Nuestro artesano tendría la posibilidad de despedir a todos los empleados y mantener una producción cuatro veces superior a la que tenía en el escenario de partida. En ese caso, la tecnología no se ha limitado a aliviar la carga de trabajo, sino que ha contribuido a excluir al trabajador de su medio de subsistencia. ¿Era ese el objetivo de la tecnología?
Si las máquinas (sean robots, autómatas o inteligencia artificial) pueden hacer nuestro trabajo, ¿por qué no podemos dejar que trabajen las máquinas aprovechando su trabajo para que los trabajadores vivan mejor?
Nos encontramos varias dificultades.
El trabajo humano está penalizado con impuestos y extra-costes frente al trabajo automatizado. La seguridad social, los impuestos del trabajo, y los impuestos sobre la renta los pagan los trabajadores humanos, no las máquinas. Si estos impuestos fueran sobre los beneficios de la empresa y no sobre los salarios, tendríamos recursos económicos para mantener el estado de bienestar aunque trabajen las máquinas. Pero con el sistema actual, las máquinas se quedan con el trabajo y no contribuyen con las prestaciones subsidiarias que ofrece el estado (paro, pensiones, sanidad, etc) que se nutren del impuesto sobre la renta, los impuestos al trabajo y las cuotas a la Seguridad Social.
Si trabajamos sobre ese escenario de reforma fiscal podremos conseguir que trabajen las máquinas para todos nosotros, siempre que articulemos el reparto de sus contribuciones entre los que se han quedado sin empleo. Esto no es fácil, pero es posible. Ahora bien, ¿es algo bueno?
El problema es que, en este razonamiento, hemos reducido el trabajo a su dimensión económica (quizá deberíamos llamarle empleo). El trabajo, el esfuerzo por transformar el mundo, es una actividad necesaria para el ser humano, para su propio desarrollo como persona, por la tensión de la superación individual y colectiva y por la dimensión social de la relación con los demás haciendo algo juntos. También por la necesidad de sentirse útiles y de alcanzar el reconocimiento por esa utilidad. En un lenguaje más antropológico, por la necesidad de amar y ser amados.
Un subsidio no llena el hueco del trabajo. Se debe trabajar, aunque no se genere ninguna plusvalía económica (o aunque la genere otro -la máquina-).
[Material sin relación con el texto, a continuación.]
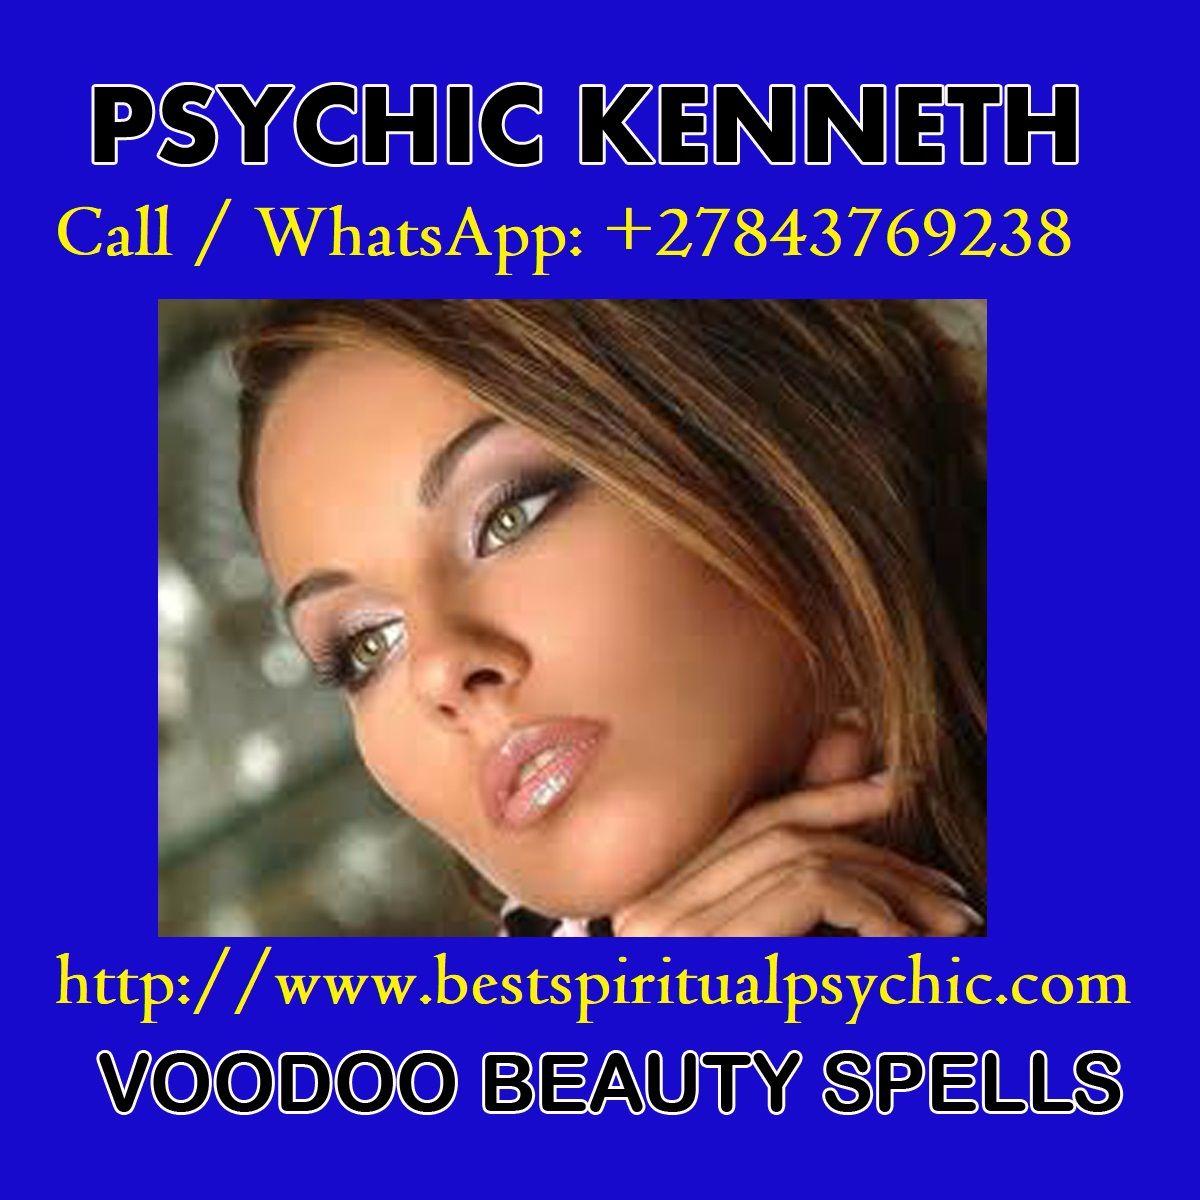 Beauty Spells Truth Love Spell Call Whatsapp 27843769238

Una sociedad sin trabajo (aunque tenga dinero) es una sociedad con vínculos muy débiles y alto riesgo de deterioro. Debemos enfocar la reflexión sobre el propio concepto del trabajo: ¿qué trabajo es realmente humano?
En la sociedad moderna no encontramos el equilibrio. La laboriosidad es una virtud que debe huir de sus alternativas extremas: la pereza y la obsesión por la actividad. La tecnología, hasta ahora, no siempre nos ha ayudado a mantener el sentido humano del trabajo: mejorar el mundo y ayudar a las personas, empezando por mejorar y ayudarnos a nosotros mismos. Tendremos que preguntarnos el porqué.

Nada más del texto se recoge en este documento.